There is another sign on Casey that says “This man has to be loved. Love him.” God over my head, I have other things to do! You don't really know Casey. This could get sticky. But the sign is still there. Oh all right, I'll love him. But I wouldn't do it if it weren't for the sign saying to.
There is one other sign on Casey. Perhaps I am the only one who has read it. It says “This man is the Instrument for the Salvation and Damnation of Many.” So be it. Fortunately the sign did not say “See to it”. I wouldn't know how.
Hell was once a pleasant, though isolated place. Some portions of it still are. They are places of natural happiness with only the happiness of the Beatific Vision absent. But most parts of Hell are horrible, of pain more manifold, of suffering more extreme than anything that can be imagined on Earth. The tradition of extreme torture was built up slowly in Hell. The persons in Hell drew themselves into groups. Even the most proud and solitary individuals, finally, after a few millennia, formed themselves into small, proud and solitary groups. It was a custom for persons there to ask for whatever
pleasures or preferences they wished, and these were given to them. Then it developed that a person could ask whatever he wished for the others of his group, if he also accepted it for himself. And these groups began to arrive at rougher and rougher consensus. People, out of perversity, voted slight displeasures for their fellows, even though they had to suffer these displeasures themselves. And it grew.

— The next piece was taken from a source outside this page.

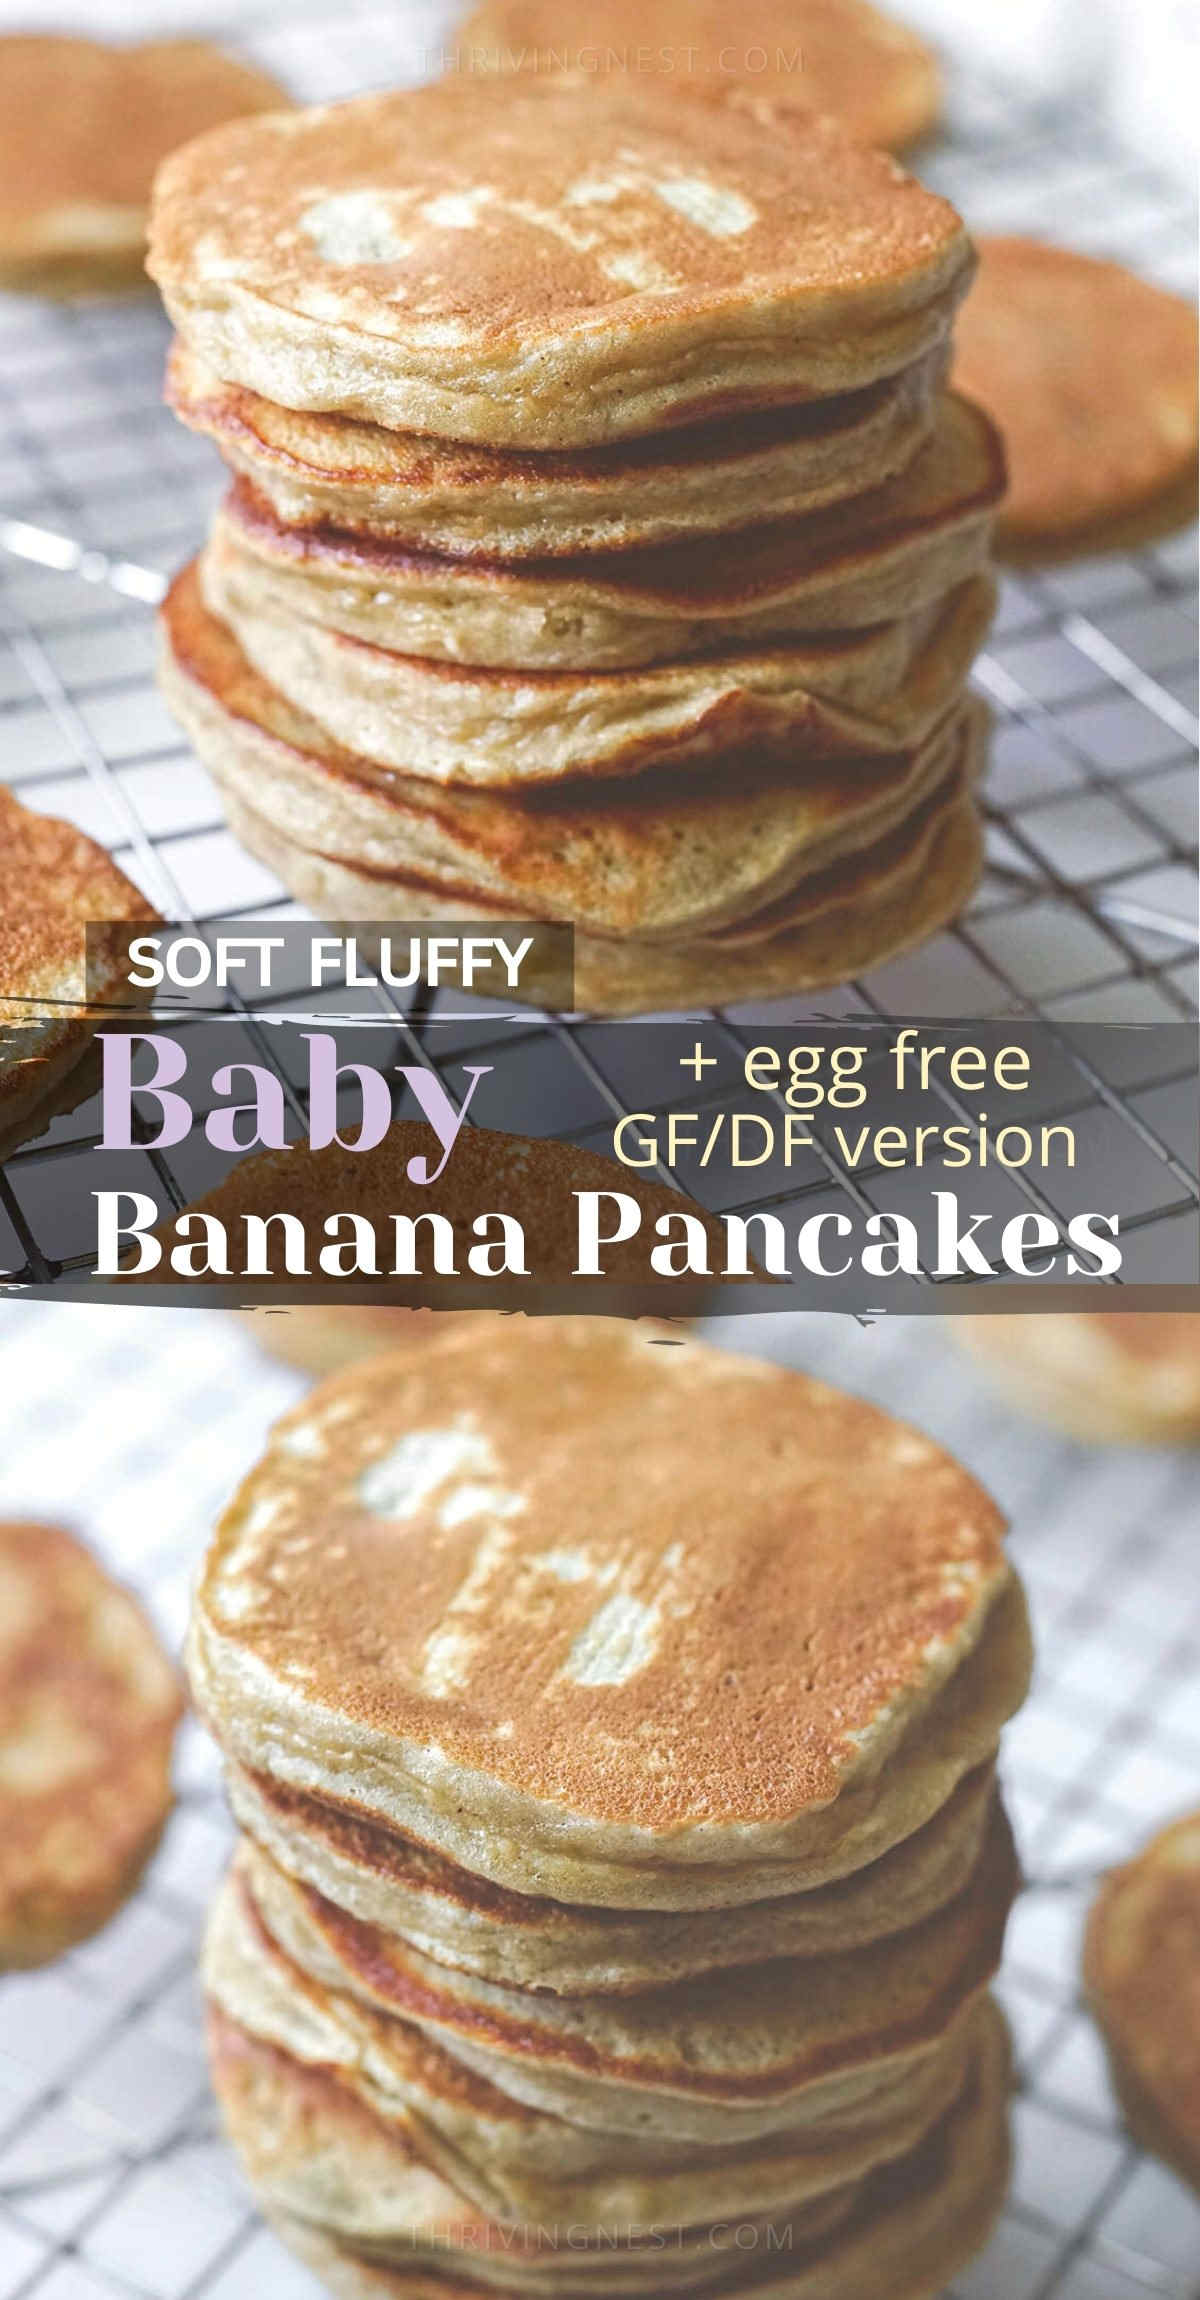 Healthy baby banana pancakes packed with mashed bananas – soft, fluffy and easy to make. These banana pancakes make a great breakfast for babies 6 months and up, baby-led weaning, toddlers and older kids. This baby banana pancake recipe needs no added sugar and can be tweaked to be egg free, dairy free, grain free and vegan. #babypancakes #babyfood #babyledweaning #bananapancakes #babybreakfast #eggfree

From the mouse of malodorous small enjoyments was born the mountain of taking pleasure in the terrible tortures of others, even if it meant the same tortures for the self. It grew and grew, it even overflowed Hell and spilled some of its stuff on Earth.
The imagination, over long stretches of timeless time, will devise tortures and pleasures in torture beyond credence. And the shriek is always “more, more, more!” There cannot be an ultimate in torture, since there is ever more extreme torture beyond.
The persons can get out of it at any time, of course. One may always withdraw from a group, and join a pleasure minded group, or none at all. But the torture groups now outnumber the pleasure groups thousands to every one. Oh sure the shrieking, horrible pain and suffering and despondency, the unending agony of it all is beyond endurance. But to withdraw from it would be to lose the ultimate lust, the pleasure in the torture of one's fellows, the joyous gloating over the screaming, even when one must scream in blinding pain oneself.
This is a little known, but true, explanation of one aspect of a well-known place.